→ **Source data**
———

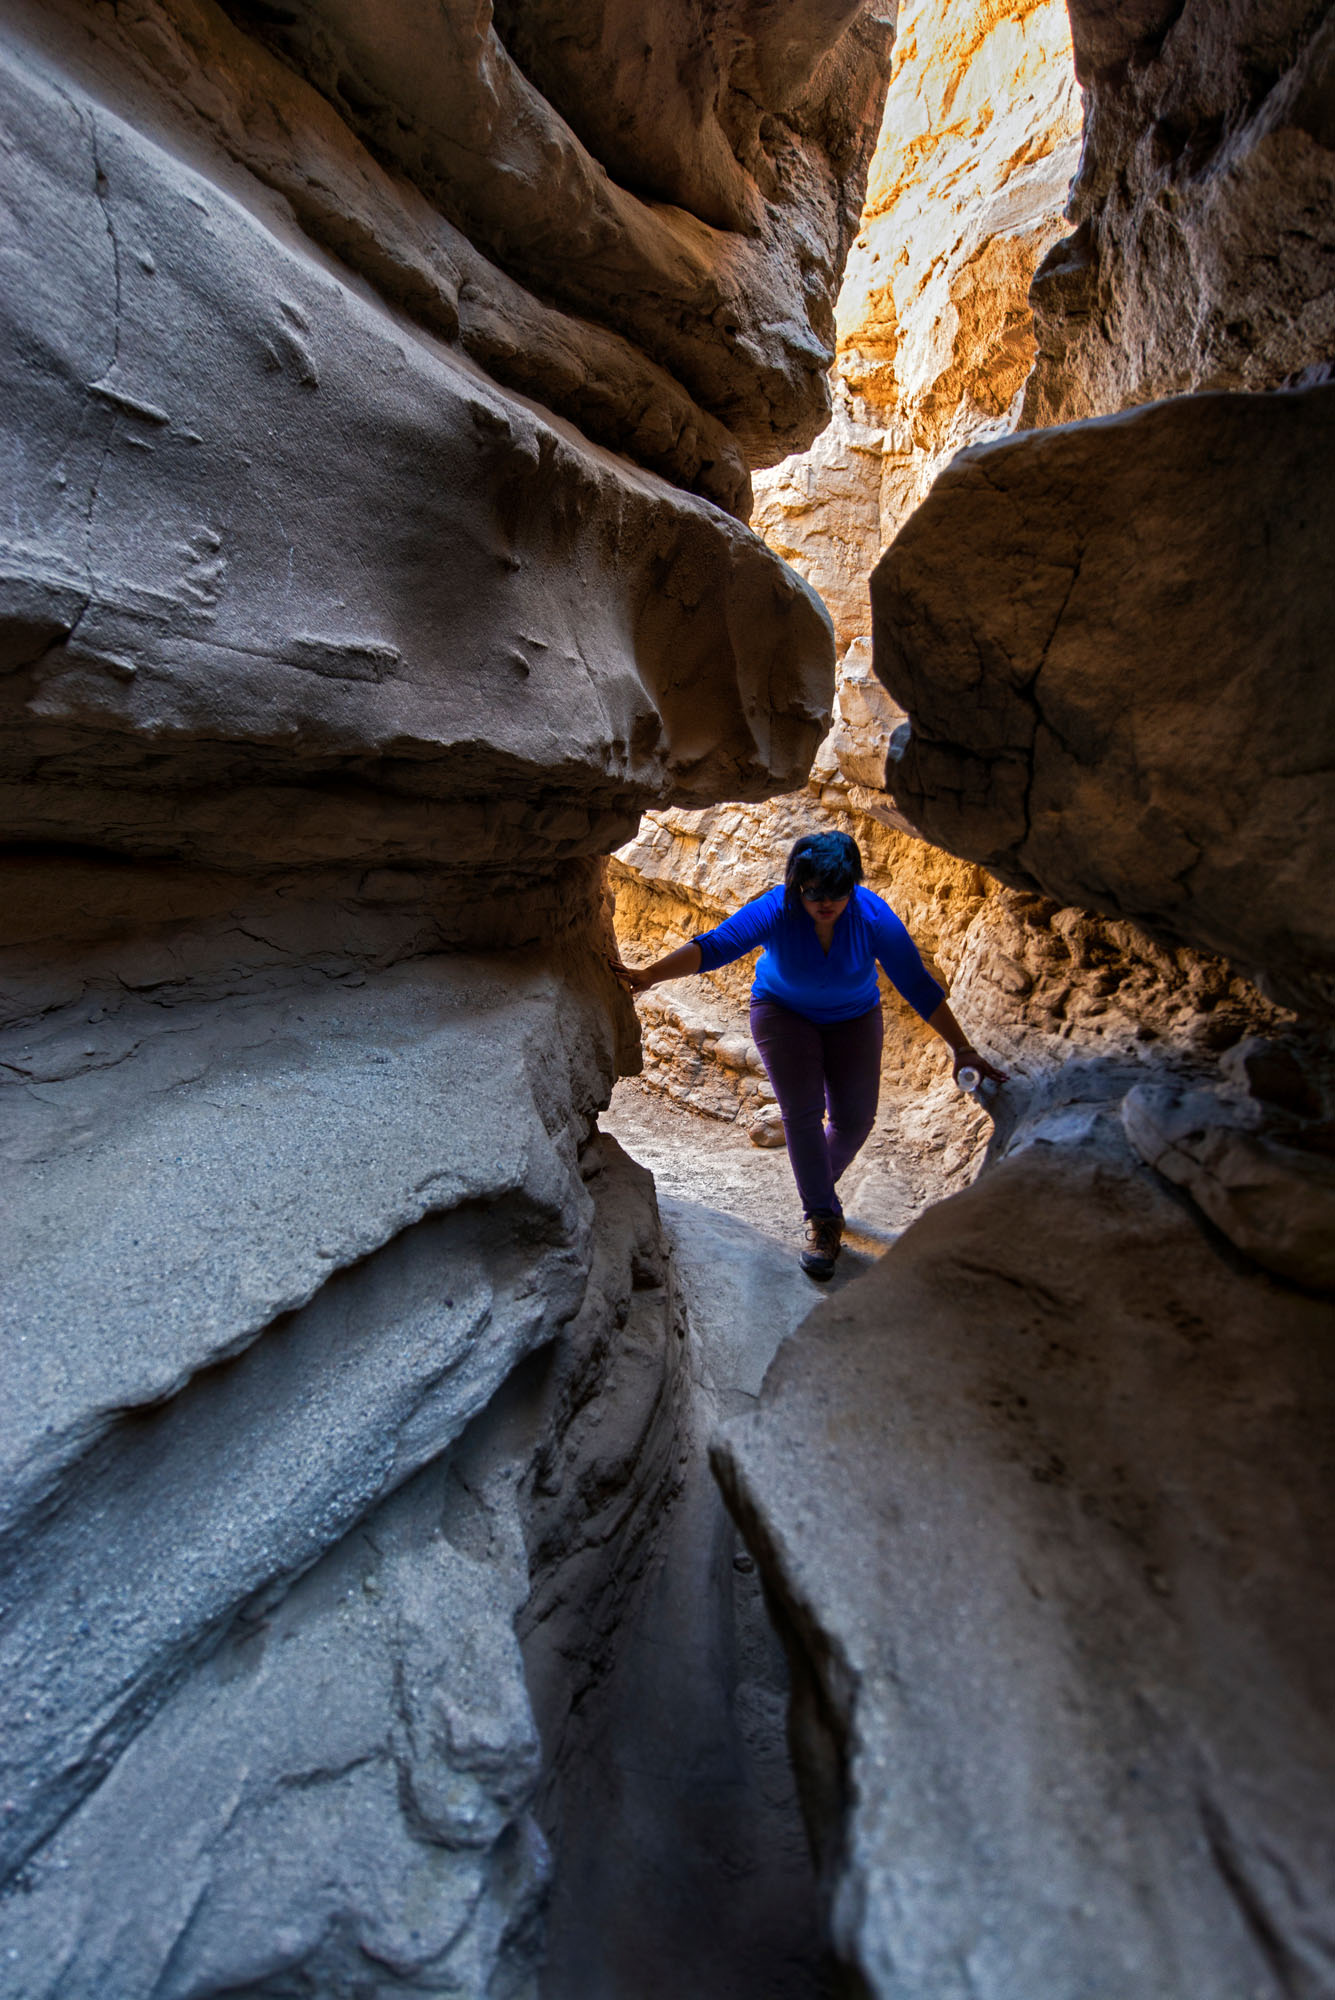 A woman hikes through a rock crevasse, with the sunlight behind her
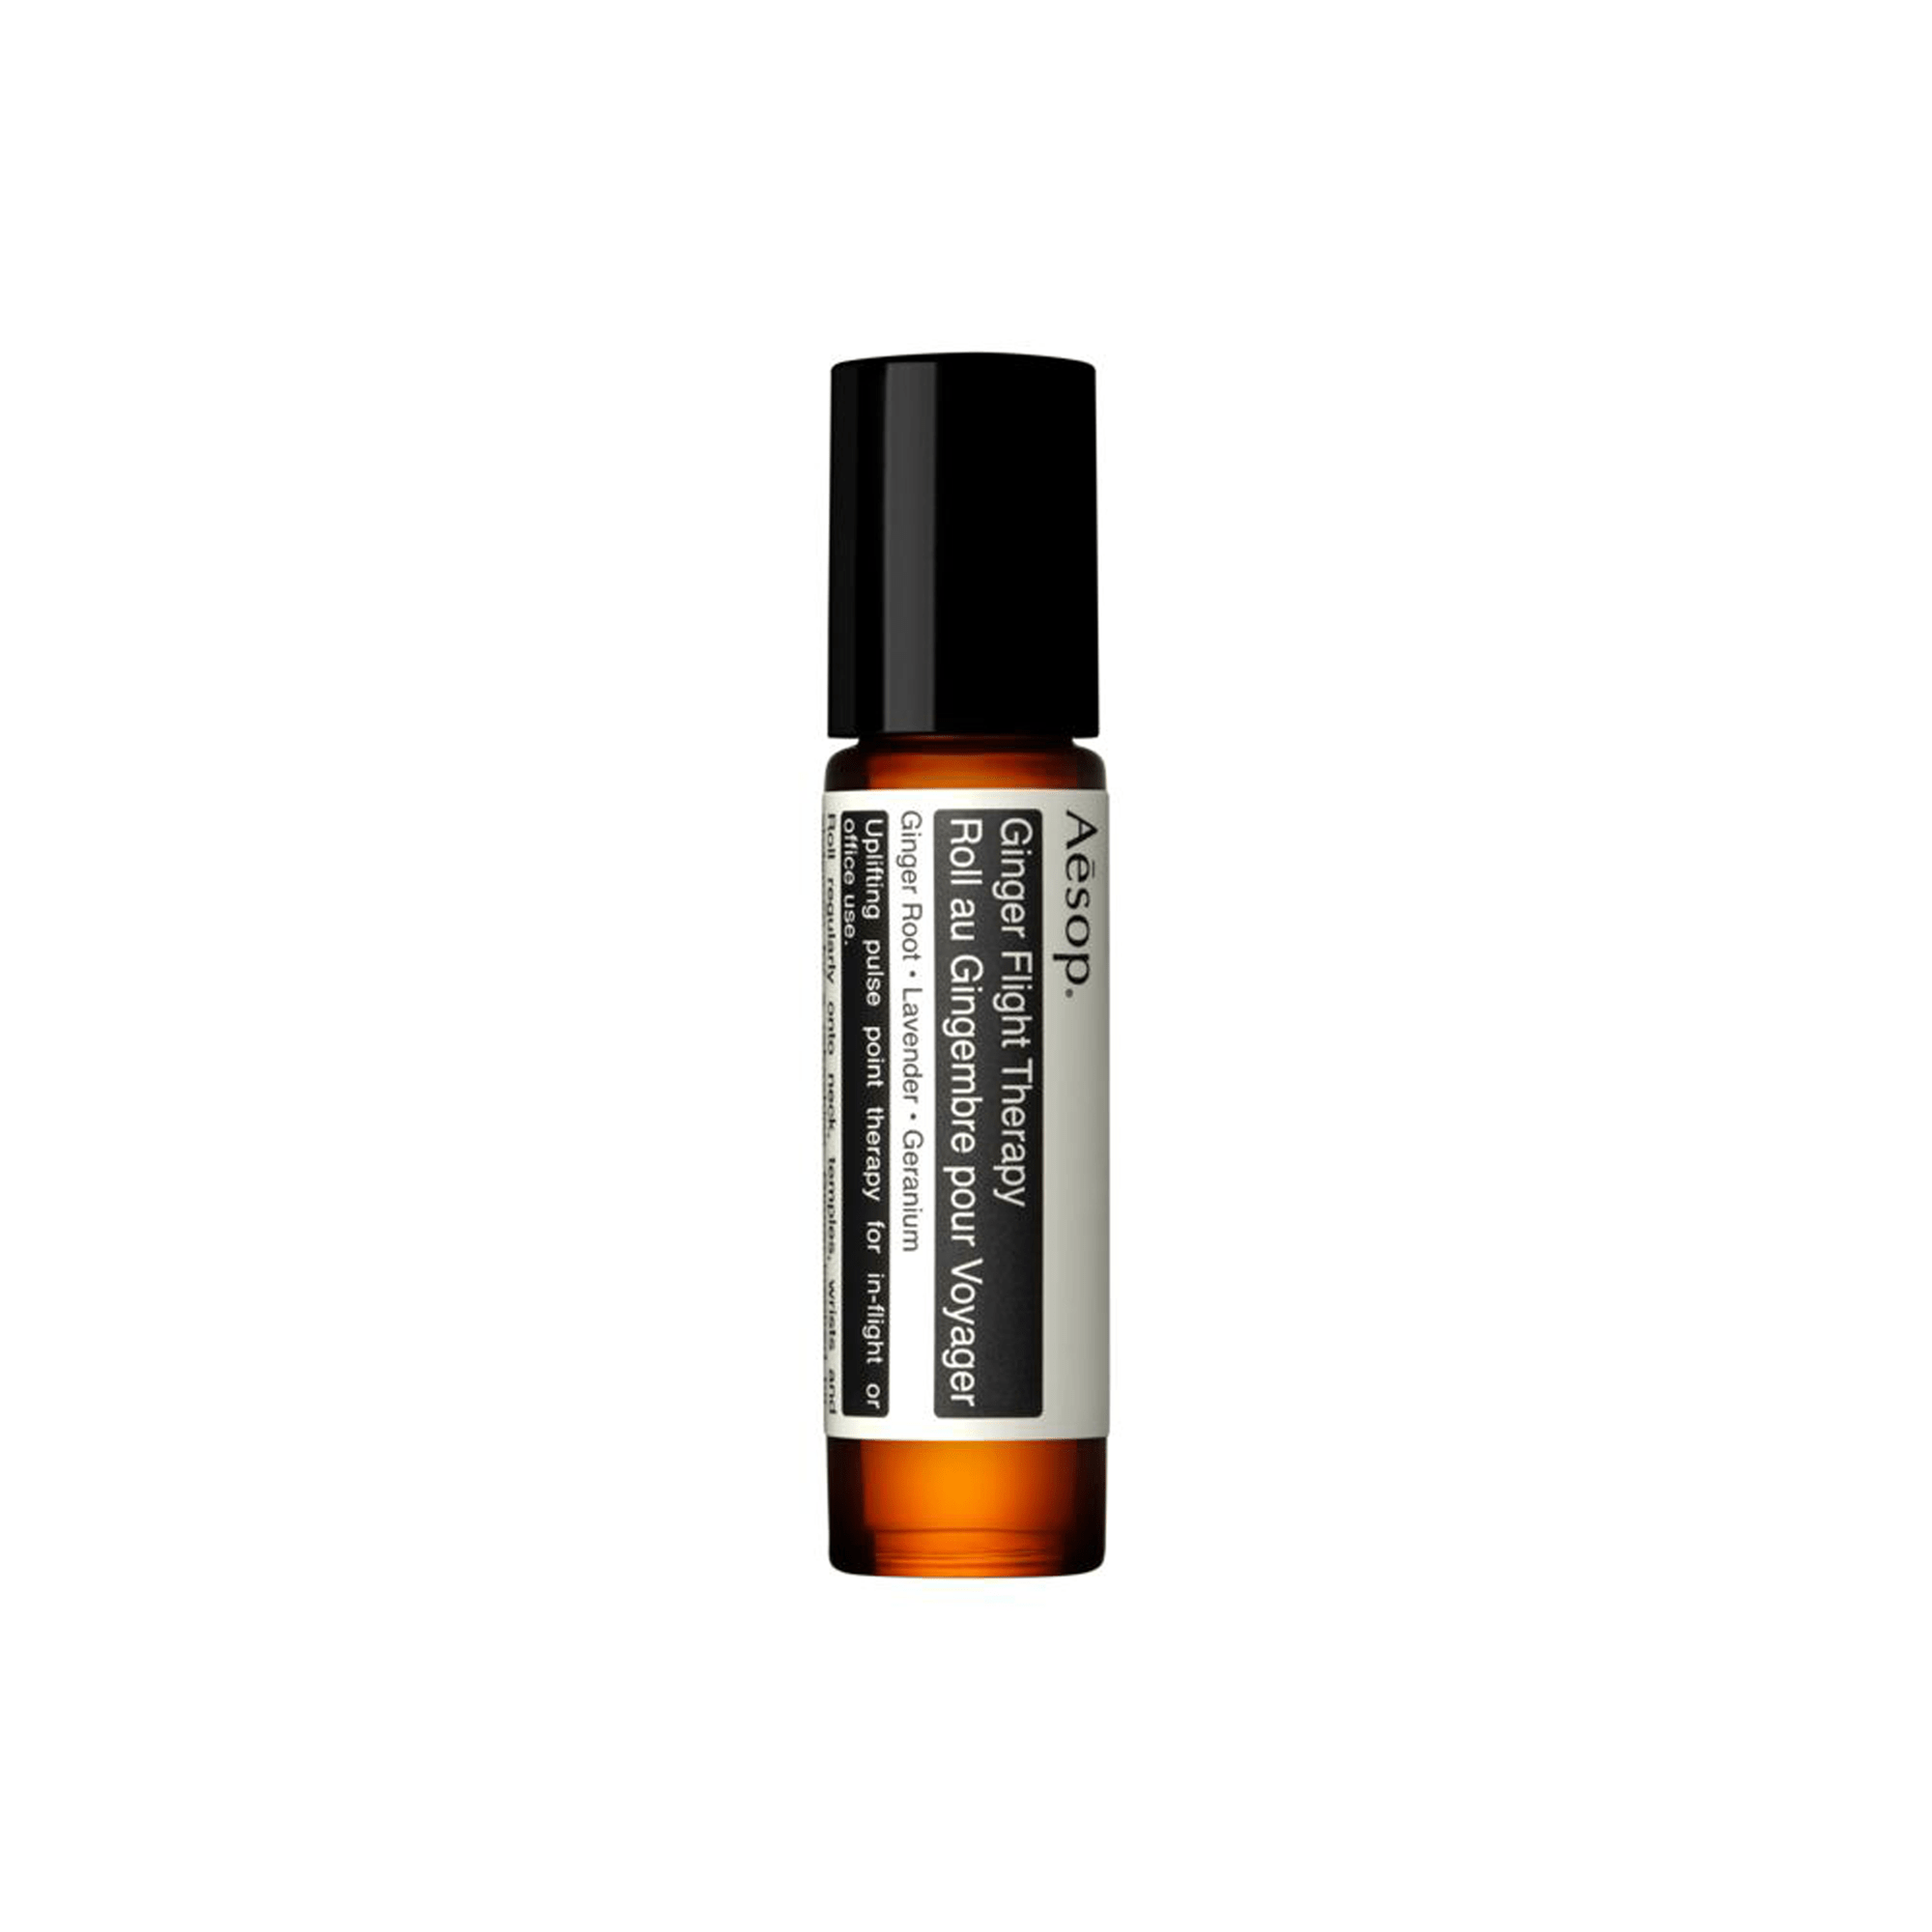 Ginger Flight Therapy Aesop Therapy roll-on
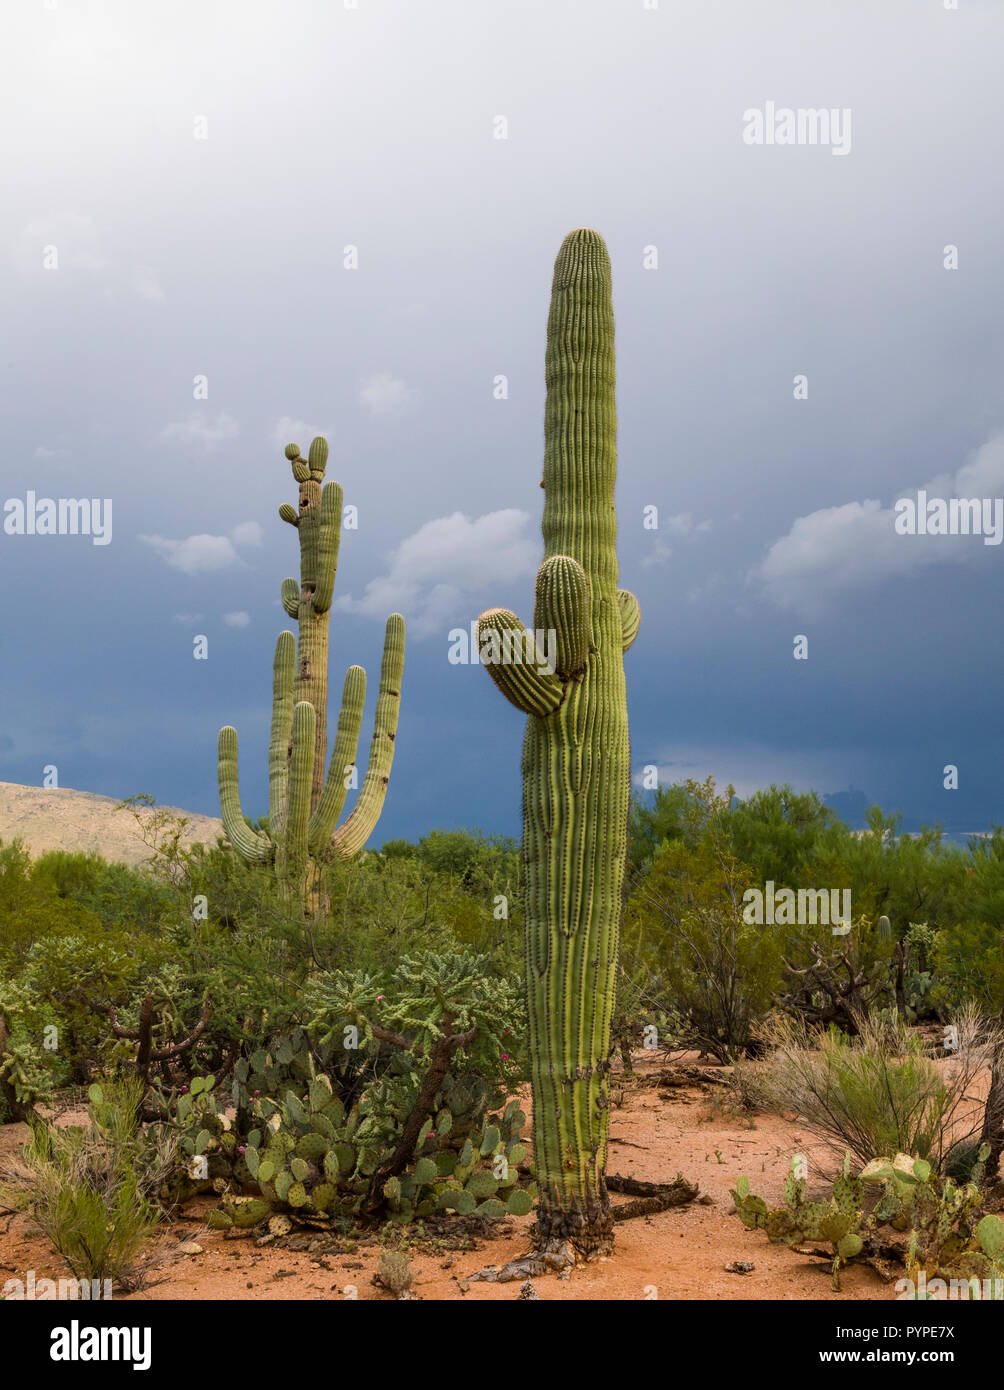 Young and Old Saguaros (Carnegiea gigantea) side-by-side in the Sonoran Desert, showing the difference in the number and size of arms and nest cavitie Stock Photo

———

→ **Task goal**
When you return the listing, keep each line exact and leave the pictures out.

→ **Solved problem**
 A woman hikes through a rock crevasse, with the sunlight behind her
 Ginger Flight Therapy Aesop Therapy roll-on
 Young and Old Saguaros (Carnegiea gigantea) side-by-side in the Sonoran Desert, showing the difference in the number and size of arms and nest cavitie Stock Photo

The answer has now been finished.